Association of tumour‐infiltrating regulatory T cells with adverse outcomes in dogs with malignant tumours

Regulatory T cells (Tregs) infiltrate into a variety of tumour tissues and associate with poor prognosis in humans. However, data on association of Treg infiltration with prognosis is limited in canine tumours. The purpose of this study was to examine the number of tumour‐infiltrating Tregs and its association with overall survival (OS) in dogs with malignant tumours. The following 168 canine tumours were included: 37 oral malignant melanomas (OMMs); 14 oral squamous cell carcinomas (OSCCs); 16 pulmonary adenocarcinomas (PAs); 37 mammary carcinomas (MCs); 36 mast cell tumours (MCTs) and 28 hepatocellular carcinomas (HCCs). Normal tissues were obtained from 8 healthy dogs as controls. The number of forkhead box P3 (Foxp3)‐positive Tregs in intratumoral and peritumoral areas was investigated by immunohistochemistry. OS was compared between high and low Treg groups. The number of intratumoral and peritumoral Foxp3‐positive Tregs was significantly higher in OMM, OSCC, PA and MC compared with each normal tissue.

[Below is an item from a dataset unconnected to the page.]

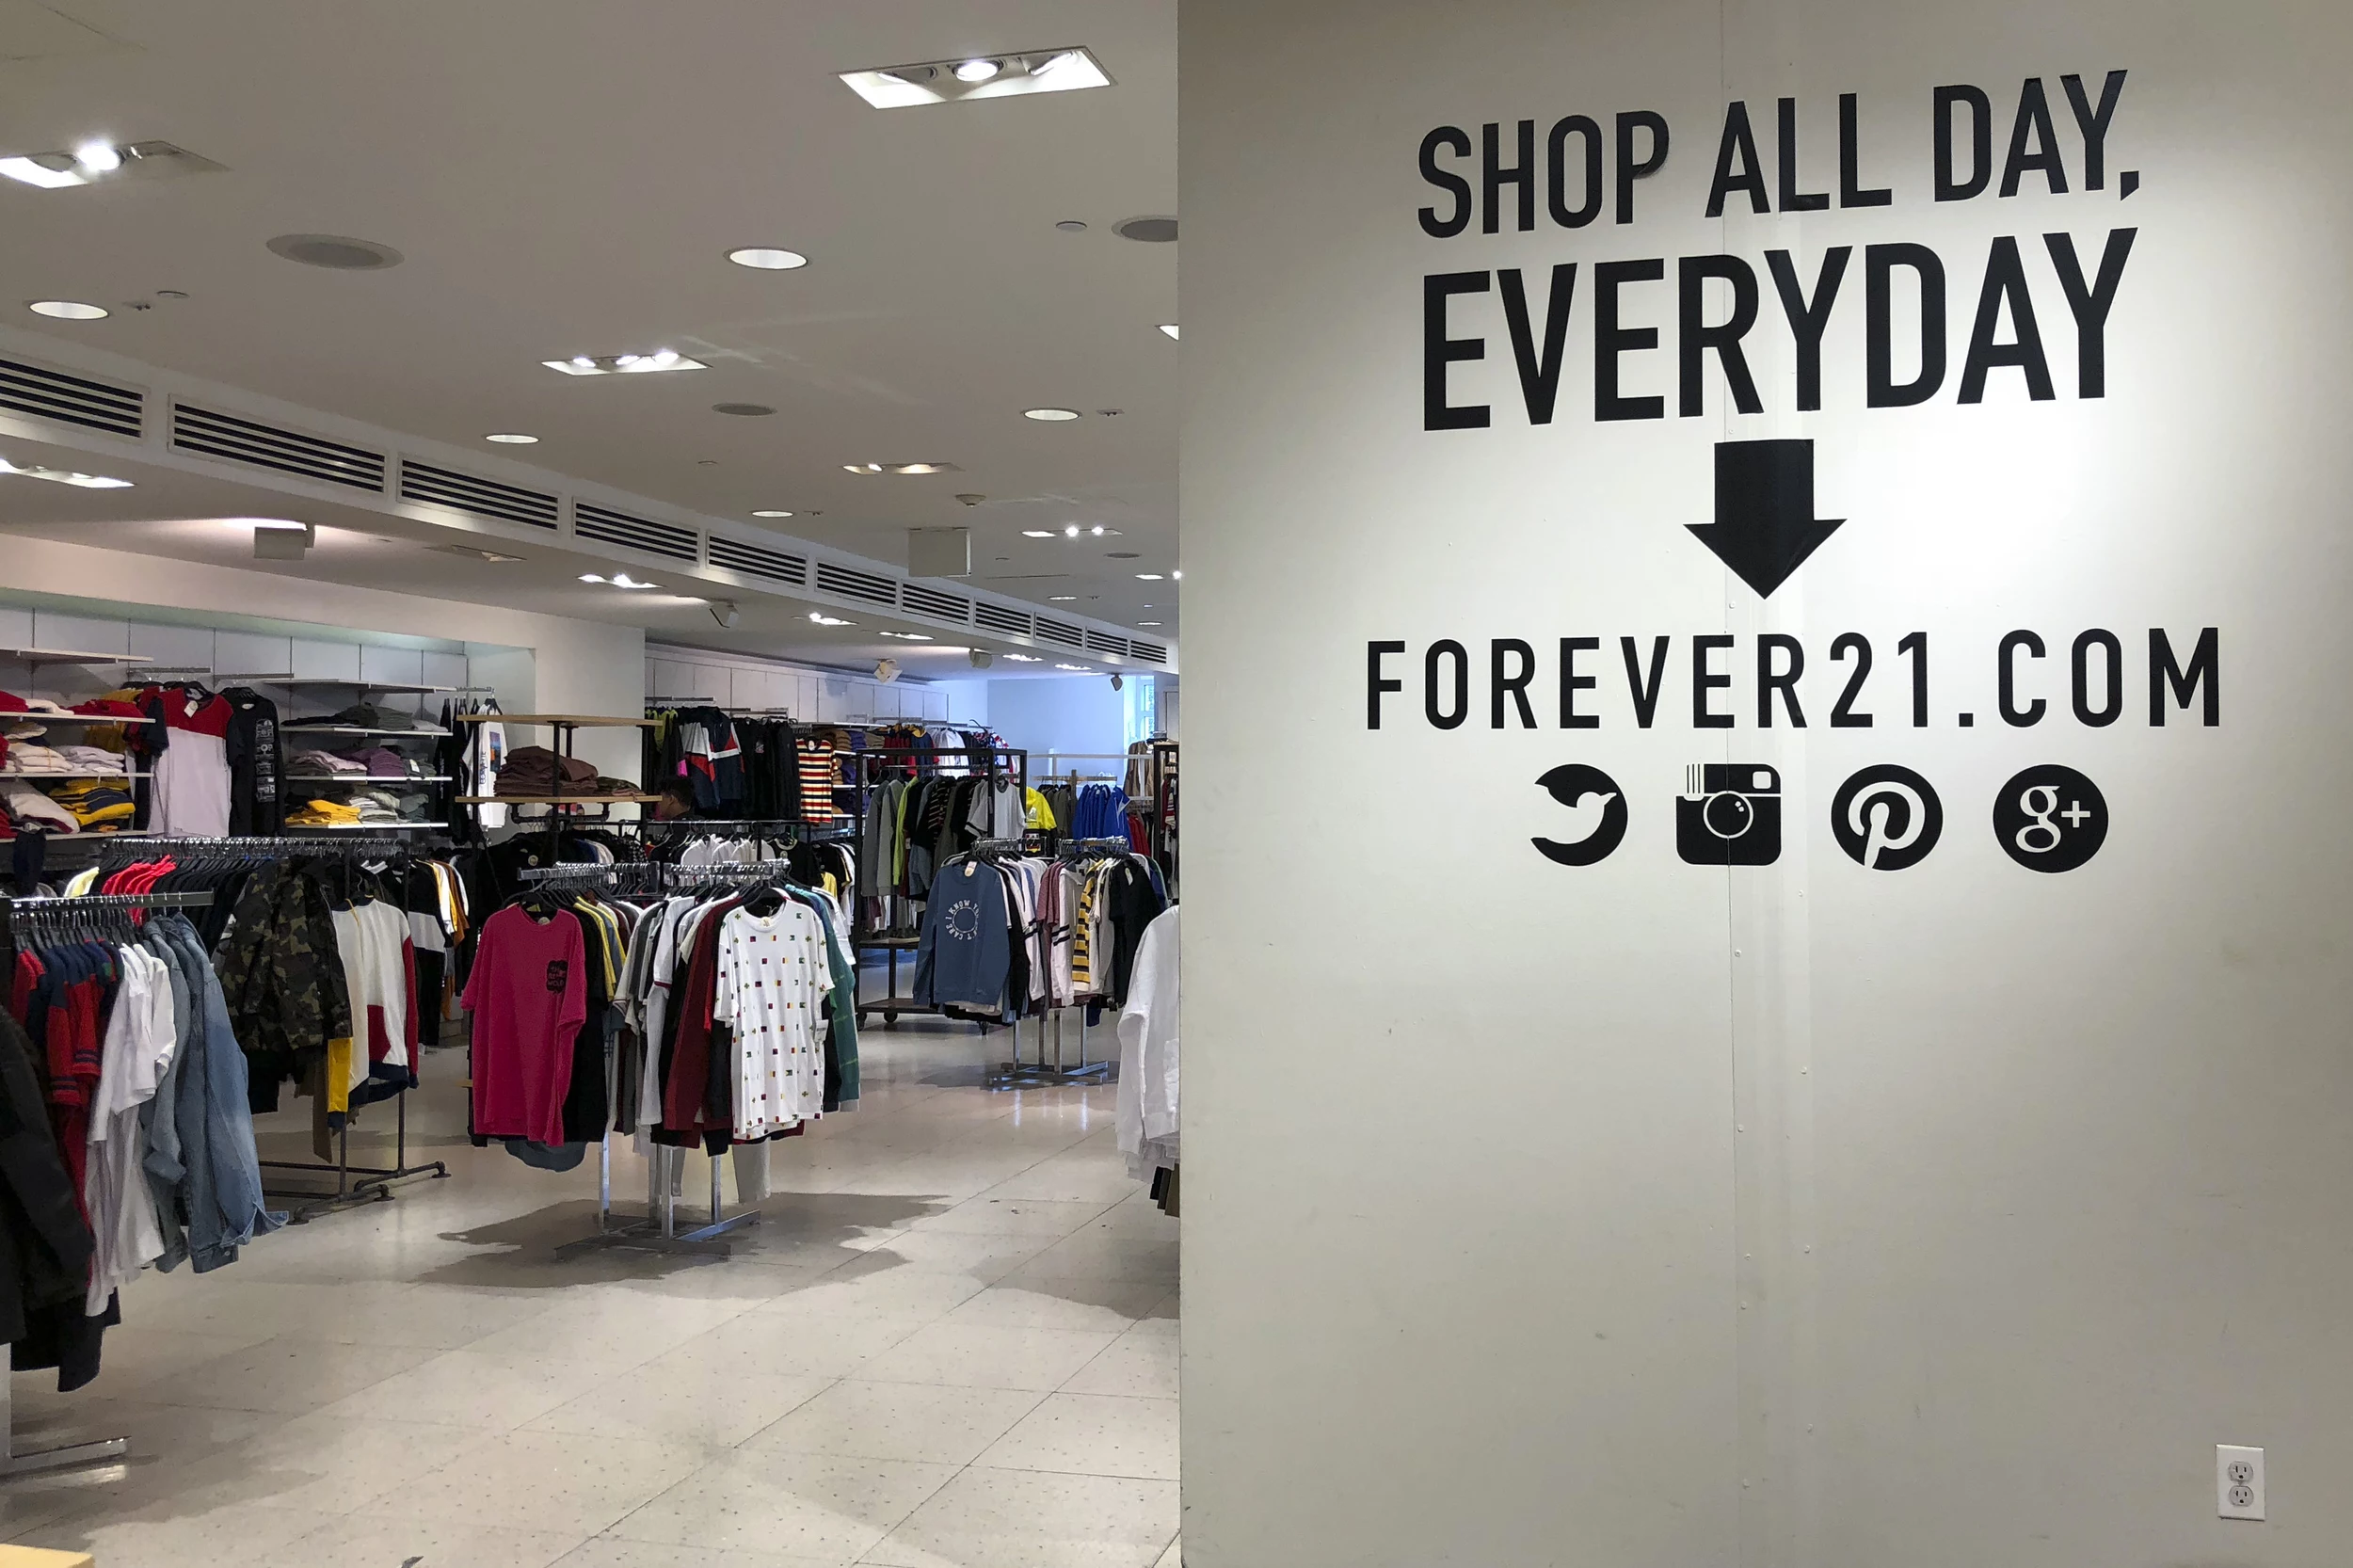 UPDATE: Here's a map of the Forever 21 stores that could close by

There were few Foxp3‐positive Tregs in MCT and HCC. With intratumoral Tregs, the OS in the high Treg group was significantly shorter than that in the low Treg group in OMM, OSCC and PA. With peritumoral Tregs, there was no significant difference for OS between the 2 groups in each tumour type. These results suggest that Tregs infiltrate into a variety of canine tumours and the abundance of Tregs are associated with poor prognosis in some solid tumour types.